By Mary Agnes Carey, CQ HealthBeat Associate Editor

A top Food and Drug Administration (FDA) official told a Senate panel Thursday that the increasingly large number of pharmaceutical ingredients manufactured abroad makes it nearly impossible for the agency to ensure the safety of all drugs sold in the United States.

“We cannot be the quality-control unit for the world,” Janet Woodcock, director of FDA’s Center for Drug Evaluation and Research, told the Senate Education, Labor, Health and Pensions Committee.

While the FDA welcomes additional resources to improve its inspection of foreign manufacturing facilities, additional improvements — such as a better information technology system and a registry of all manufacturers producing products imported into the United States — are necessary to help improve efforts to stop contaminated drugs from entering the country, Woodcock said. She also told the panel that manufacturers must assume greater responsibility for the quality of their products.

Scrutiny of FDA’s ability to inspect foreign drug-manufacturing plants has increased on Capitol Hill after the blood-thinning drug heparin, produced in China, was found to be contaminated and may have been a factor in up to 81 deaths. New data released April 22 by the Government Accountability Office found that the FDA’s fiscal 2009 budget of $13 million for foreign inspections is inadequate — since the agency would need between $67 million and $71 million annually to biennial inspections of each of the 3,249 foreign drug manufacturers currently listed with the FDA. (See related story, CQ HealthBeat, April 22, 2008)

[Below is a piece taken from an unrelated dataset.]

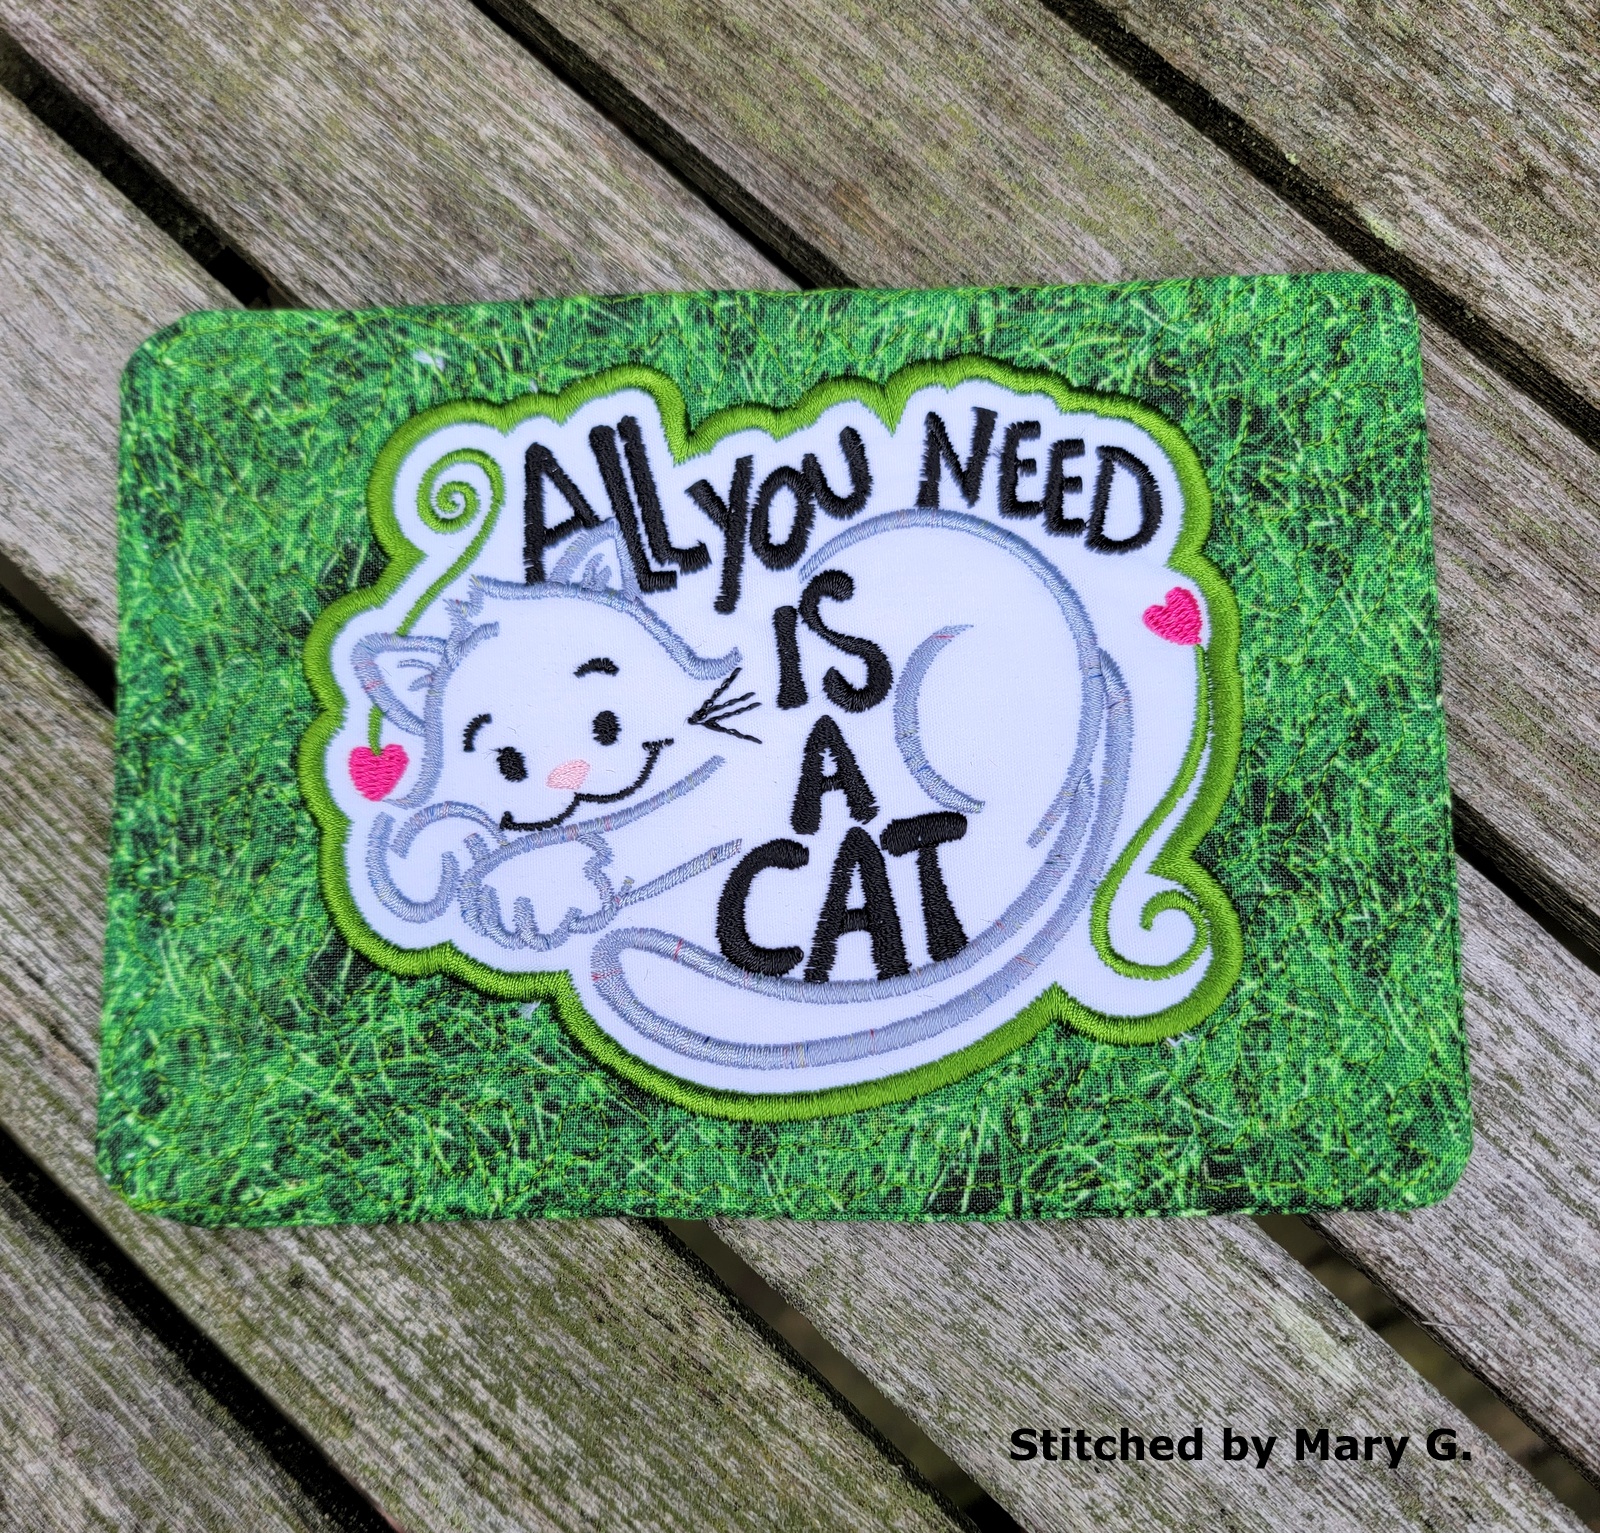 All You Need is a Cat Mug Rug-9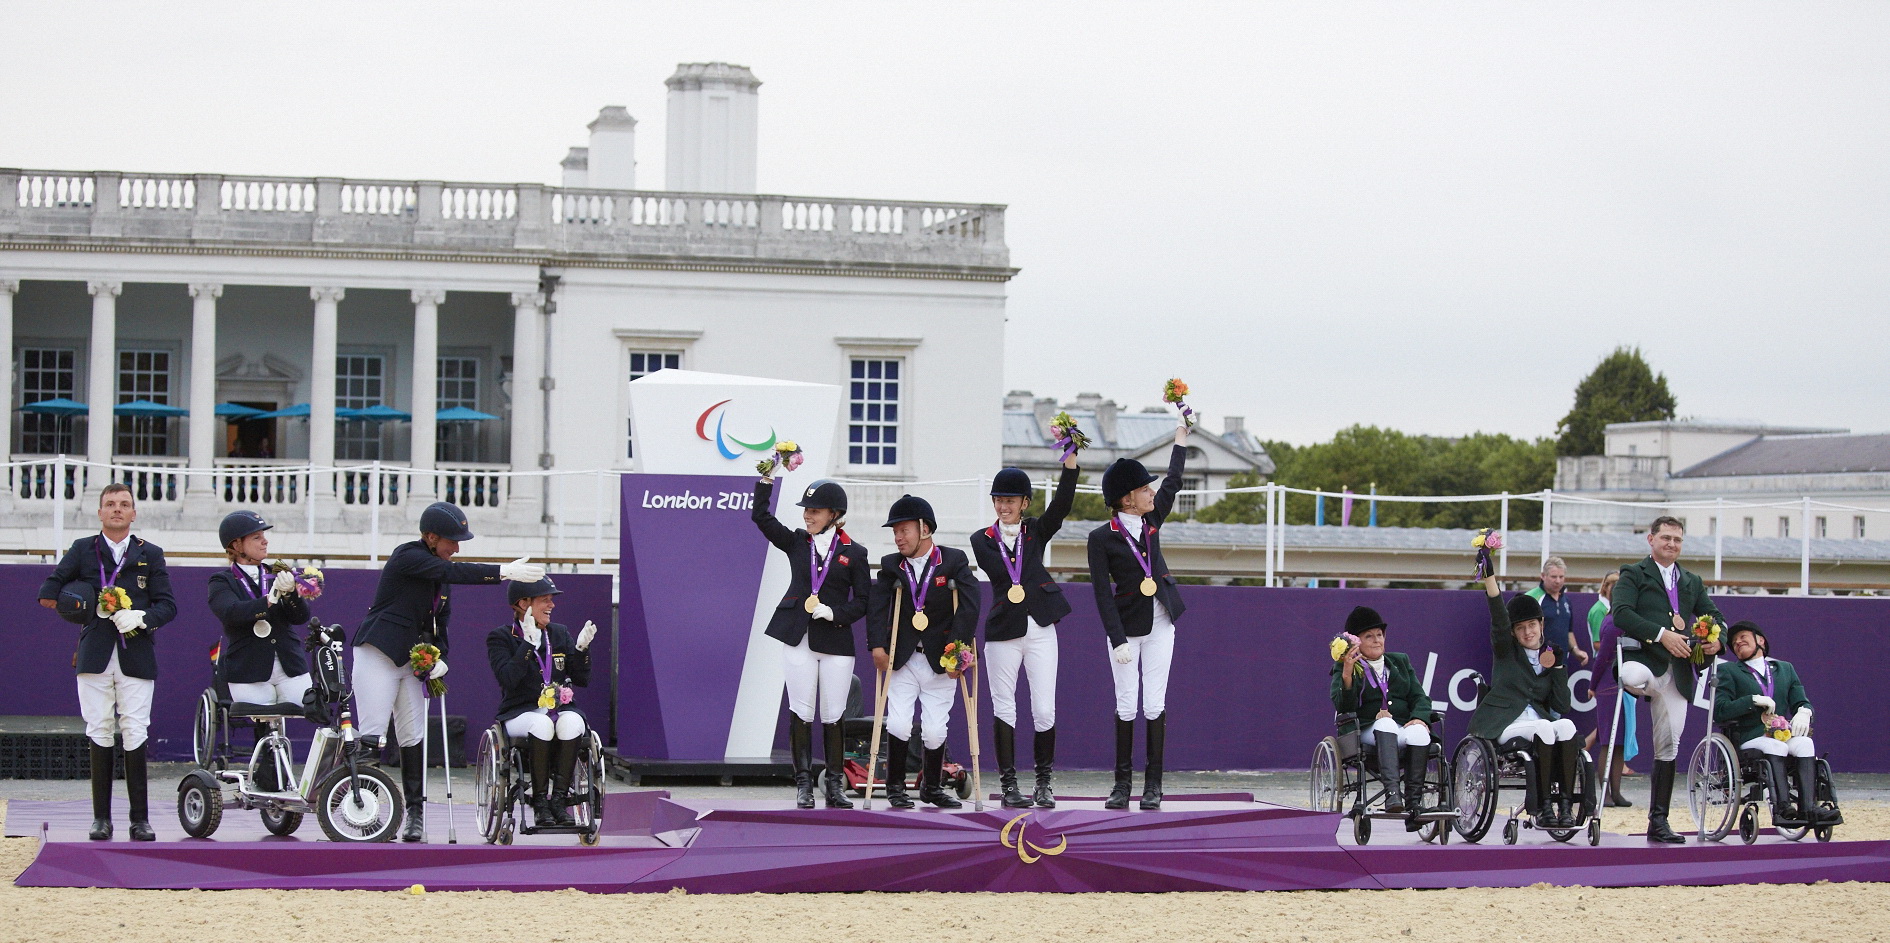 London 2012 Team podium, Great Britain in gold, Germany in silver and Ireland in bronze (FEI/Liz Gregg)

Senate HELP Chairman Edward M. Kennedy , D-Mass., said the FDA needs more resources to monitor products produced overseas, but manufacturers also must use better tests to detect impurities and contaminants in their products. “Even the most up-to-date manufacturing processes won’t ensure safety if manufacturers can’t guarantee the ingredients aren’t contaminated,” he said.

The panel’s ranking Republican, Mike B. Enzi of Wyoming, said putting more money into inspections would not guarantee safe imports. “The reality of the global economy is that testing every food and drug product from outside the [United States] is not currently possible, nor will it every be,” he said. Enzi and other speakers made the point that additional FDA inspections would not have caught the tainted heparin because the contamination occurred before the product reached the manufacturing facility, and that more sophisticated tests were needed to detect the contaminant.

House Energy and Commerce Chairman John D. Dingell , D-Mich., has proposed draft legislation that would assess user fees for all domestic and foreign drug and food producers, with the funds directed toward a new FDA inspections and safety corps.

Enzi said the agency should be allowed to first absorb new authorities Congress gave it last year in an overhaul measure (PL 110-85) before Congress adds any new responsibilities. “Rather than jump to quickly amend those new provisions, we should give FDA the time to fully utilize those new authorities and evaluate their effectiveness,” he said. (See related story, CQ HealthBeat, April 23, 2008)

In her remarks, Woodcock noted that over the last 15 years, much of the pharmaceutical manufacturing process has moved overseas, with drugs then imported back to the United States for sale. Elements of generic drugs may be manufactured in 15 different facilities, she said, “The FDA of the last century is not constructed” to regulate that kind of marketplace, Woodcock said. “Inspection resources have dropped while responsibilities have soared.”

After her testimony, Woodcock reiterated that much of the responsibility for quality products rests with drug makers themselves. “We’re holding them accountable for their quality system, not being their quality system,” she told reporters. “Any legislative fixes that do not address quality by design will fail.”